The configuration of a disk array is very similar to that for a single disk. However, before you partition the hard disk, you should first install the RAID tool mdadm:

$ sudo apt-get install mdadm

A dialog box pops up telling you that if you want to start your system directly from a hard disk array, additional steps are necessary to finish the configuration process. However, in this case, the hard disk array is only used for backup storage, so further steps are not necessary.

As a result, you should leave the MD arrays needed for the root filesystem line in the dialog blank, because it refers to the arrays that are required for booting the system. Then, a question appears asking whether the system should mount all of the RAID arrays, to which you should answer in the affirmative. Additional questions will come up, depending on the system and the hard drive arrangement, for which you should accept the default answers.

An error message for the exim4 package appears while the system is installing the packages. This message results from a well-known bug  [6] that appears if IPv6 support is not activated on the system. However, the message will not have any effect on the installation process for mdadm.

You can now use fdisk to continue partitioning the hard disks. When entering the type of partition, the program will automatically select the one existing partition and issue a request for a hexadecimal code. You should type fd followed by Enter. The partition type is changed to Linux raid autodetect. Press W to write the changes and confirm with Enter. Repeat this process for the second hard disk.

You can create the array with:

$ sudo mdadm --verbose --create /dev/md0 --level=<RAID Level> --raid-disks=2 /dev/sda1 /dev/sdb1

If you are dealing with a mirrored hard disk array optimized for security, the RAID Level should be 1. If you are dealing with a distributed array optimized for speed and capacity, it should be 0  [7].

Because the RAID type is set for autodetect, the tool will give you an alert that the partitions could be part of a RAID array. You should confirm with Y that you want to Continue creating raid?. Once the process is finished, you can make sure that the creation of the array has been accomplished correctly by entering:

cat /proc/mdstat

Finally, you should save the current configuration in the corresponding configuration file. Start by creating a backup of the configuration file template, then add to the configuration file information about the individual partitions that make up the RAID array, as well as how the array is put together:

$ sudo cp -v /etc/mdadm/mdadm.conf{,.orig}
$ echo "DEVICE /dev/sd[a|b]1" | sudo tee -a /etc/mdadm/mdadm.conf
$ sudo mdadm --detail --scan | sudo tee -a /etc/mdadm/mdadm.conf

The RAID array md0 that has been created appears to the system to be a typical hard disk. Although it is possible to use a hard disk or RAID drive immediately after formatting, it is customary to partition the disks first, even a RAID array.
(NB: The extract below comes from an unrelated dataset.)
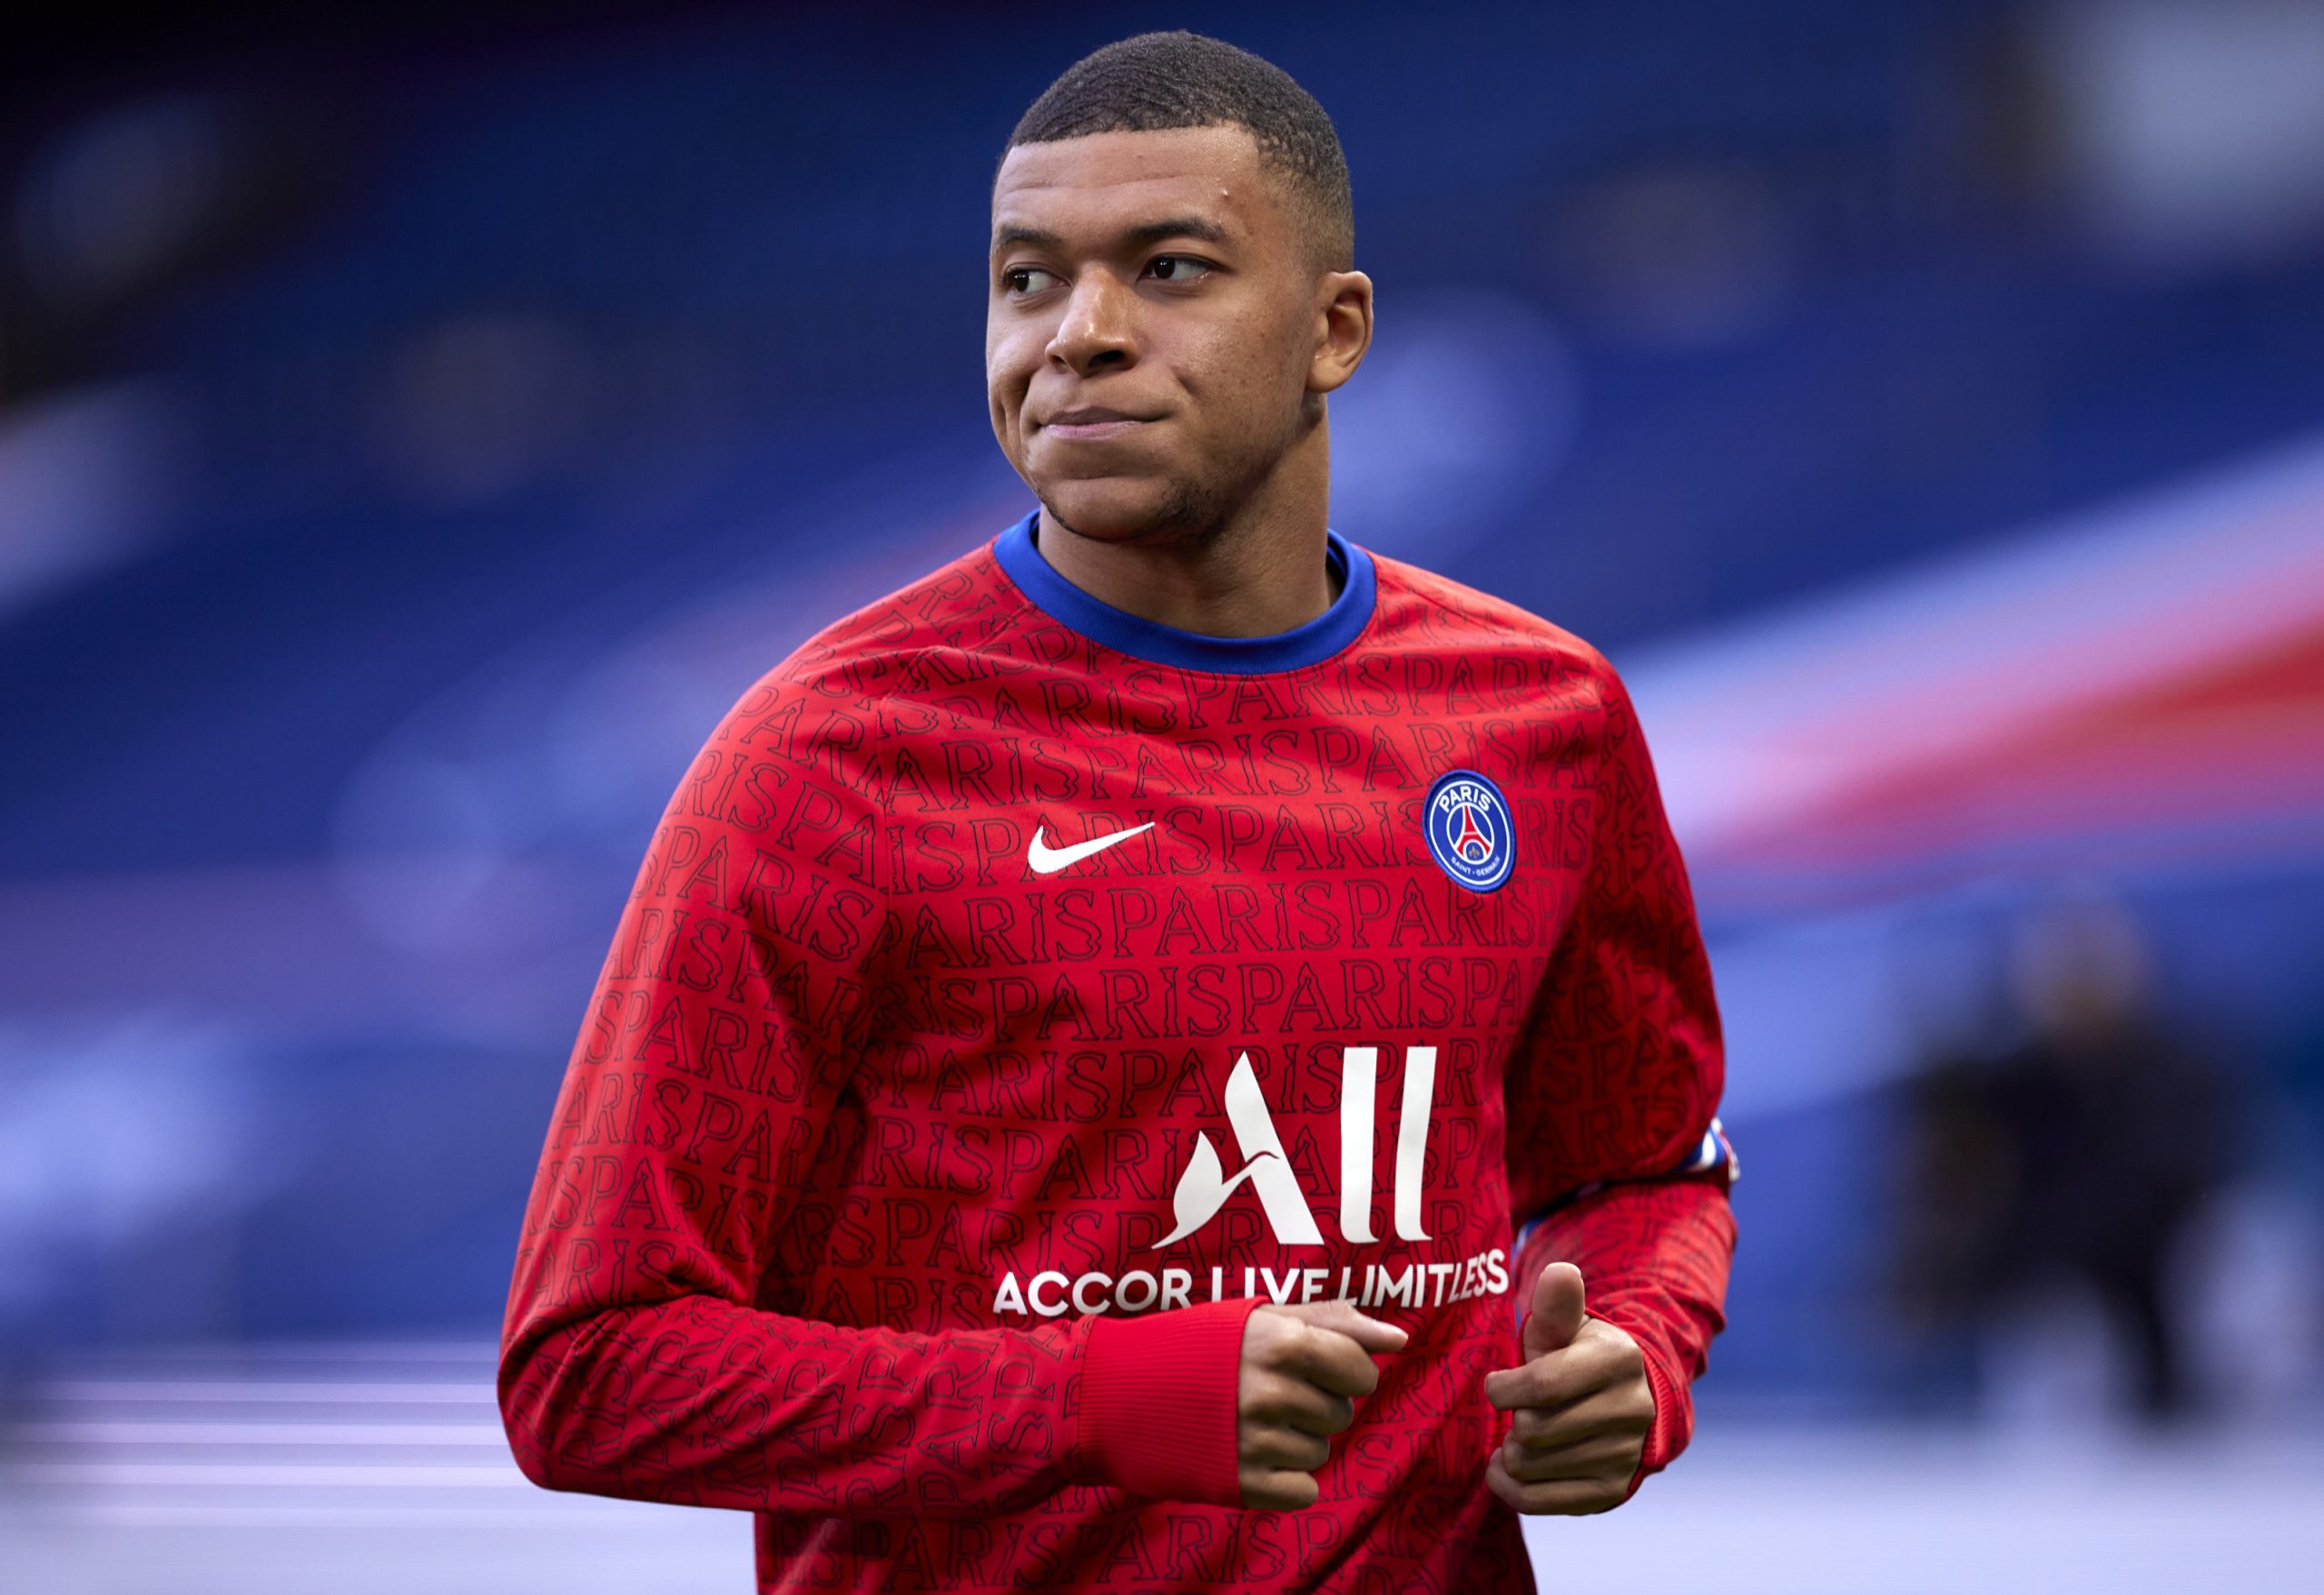 Mbappé is unhappy at PSG and wants to leave
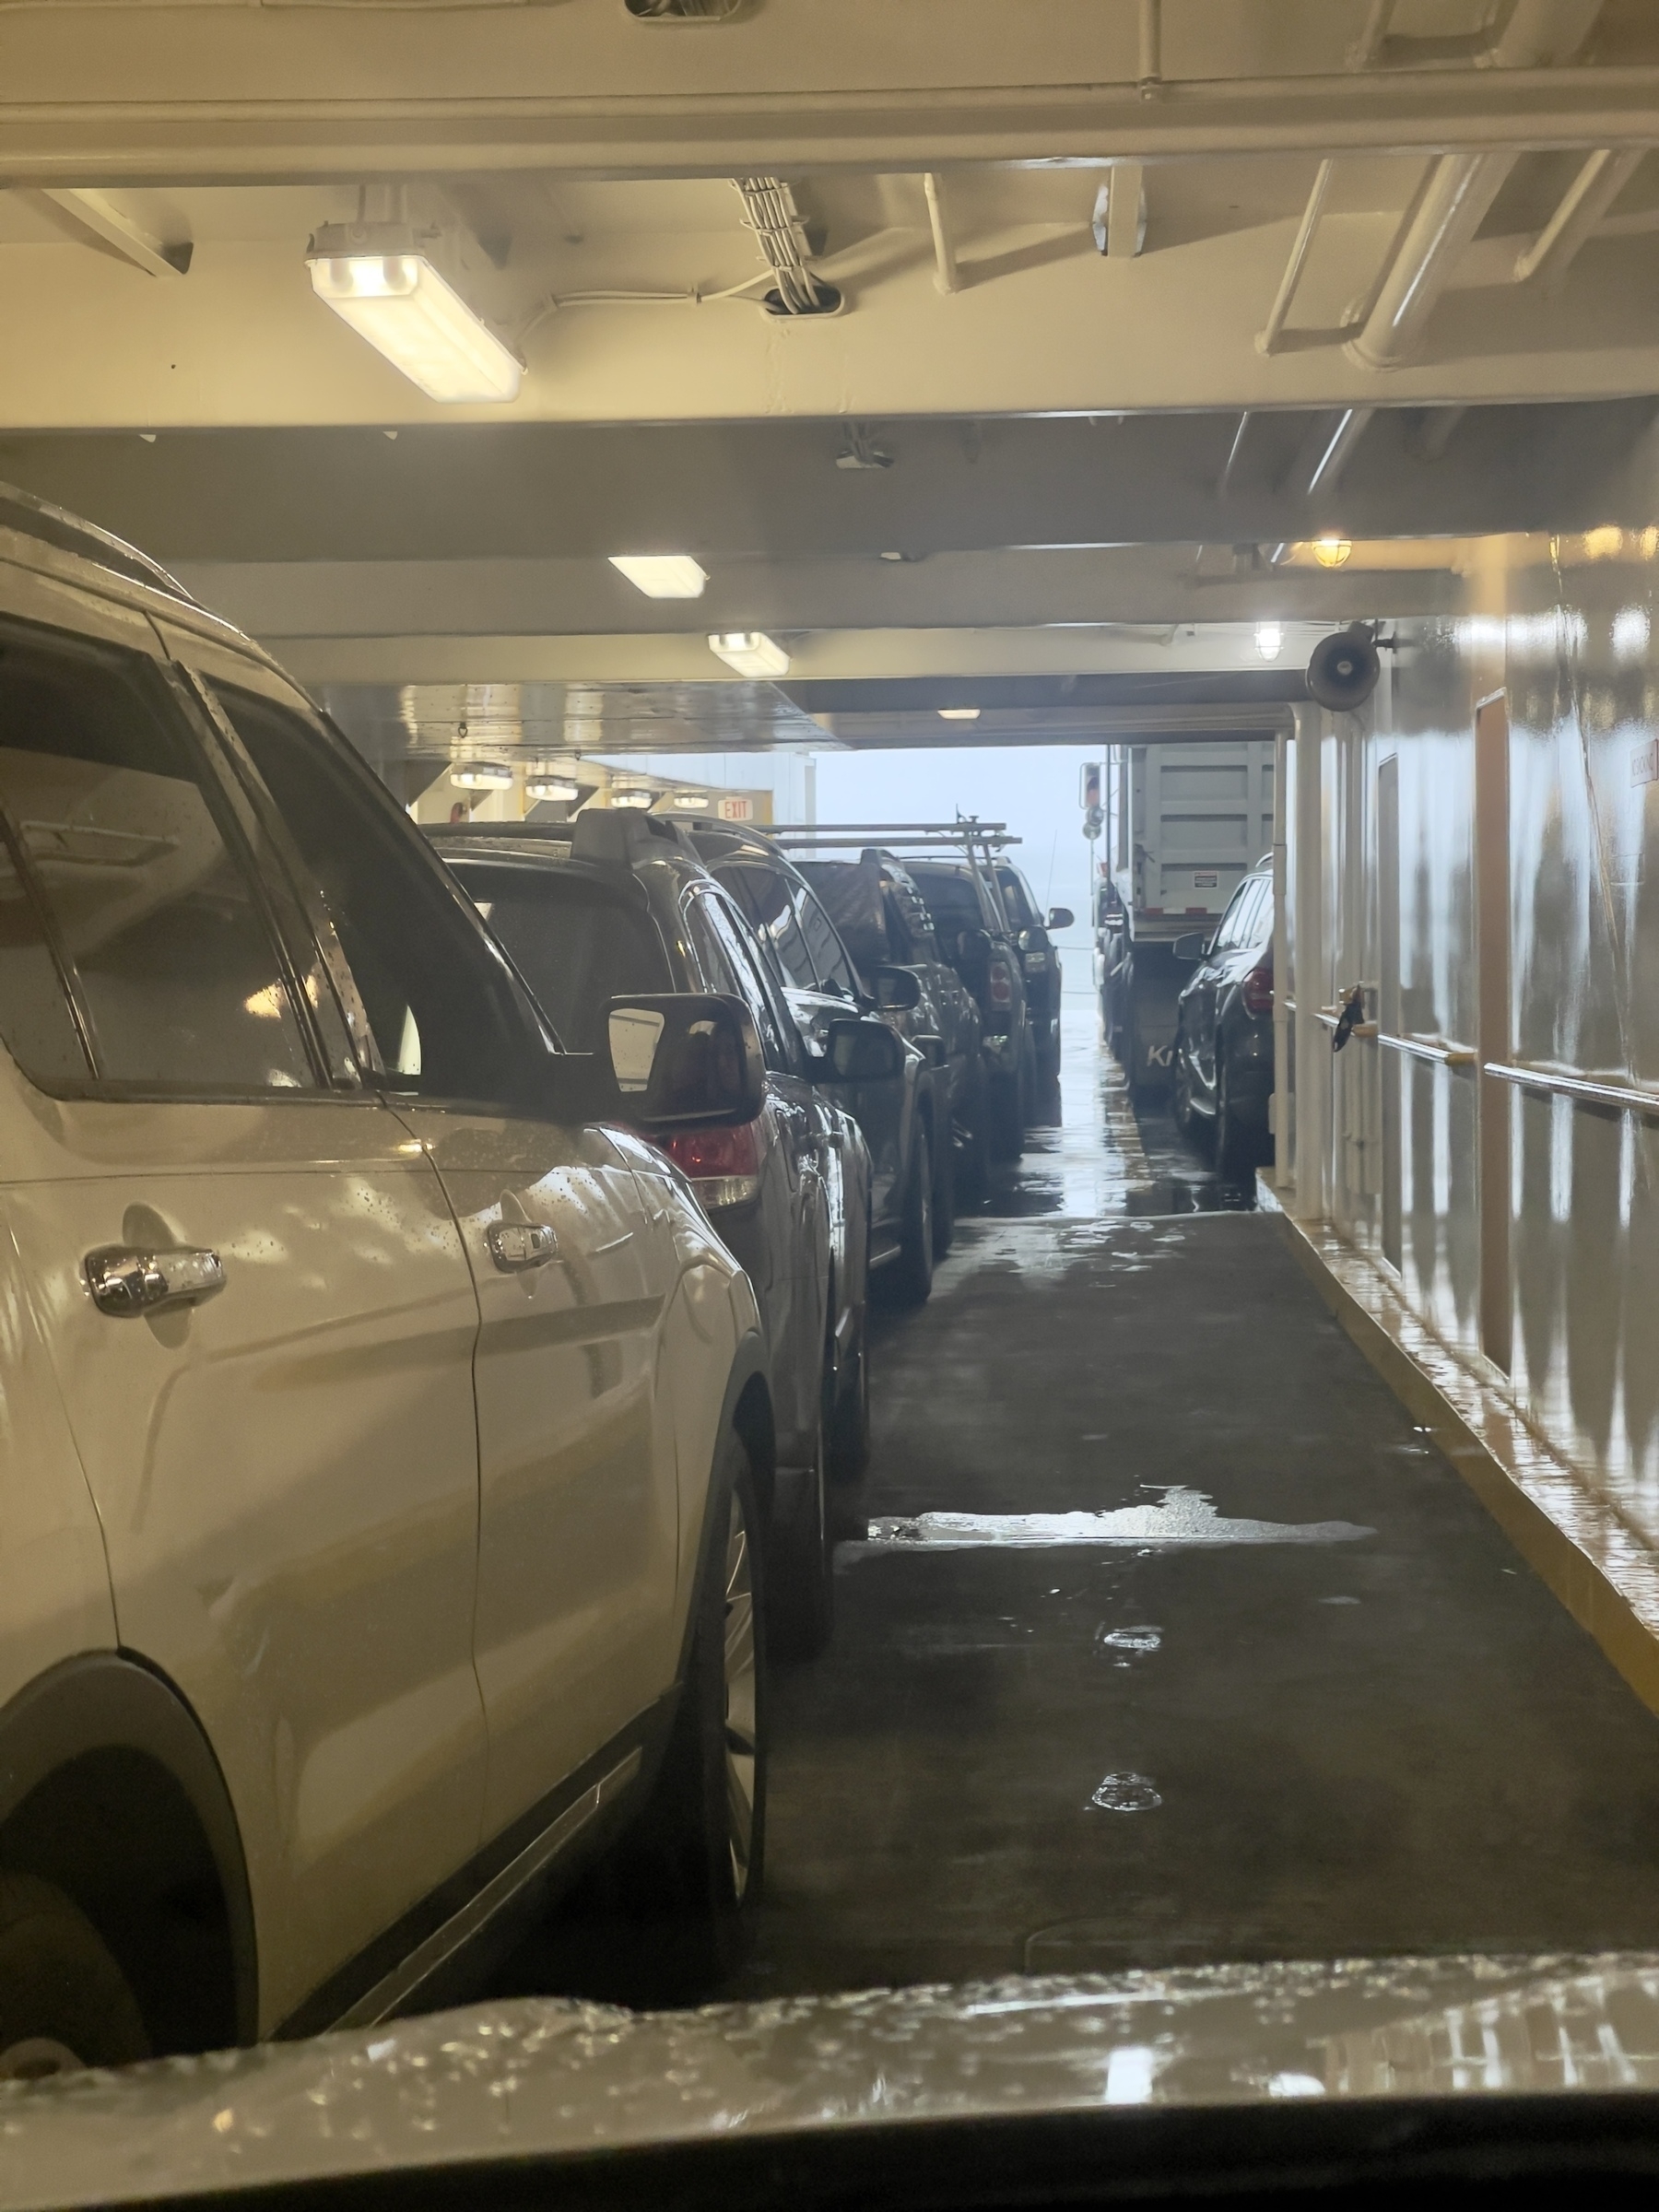 Line of cars on a ferry.

At this point you can proceed as if you were configuring a single hard disk. However, instead of /dev/sda, the /dev/md0 device should be used.

Ready, Set, …

Before installing the Netatalk library, you need to modify the access rights for the corresponding folders. You can use the find command in connection with chmod to establish access rights for all filesystem objects of the HFS+ partition:

$ sudo find /var/timemachine -exec chmod 777 '{}' \;

Use the find command once again to change the ownership of all objects within the /var/timemachine folder to the nobody system user and the nogroup group:

$ sudo find /var/timemachine -exec chown nobody:nogroup '{}' \;

Afterward, you should restart the Raspberry Pi so that the system can mount the partition for the first time by itself.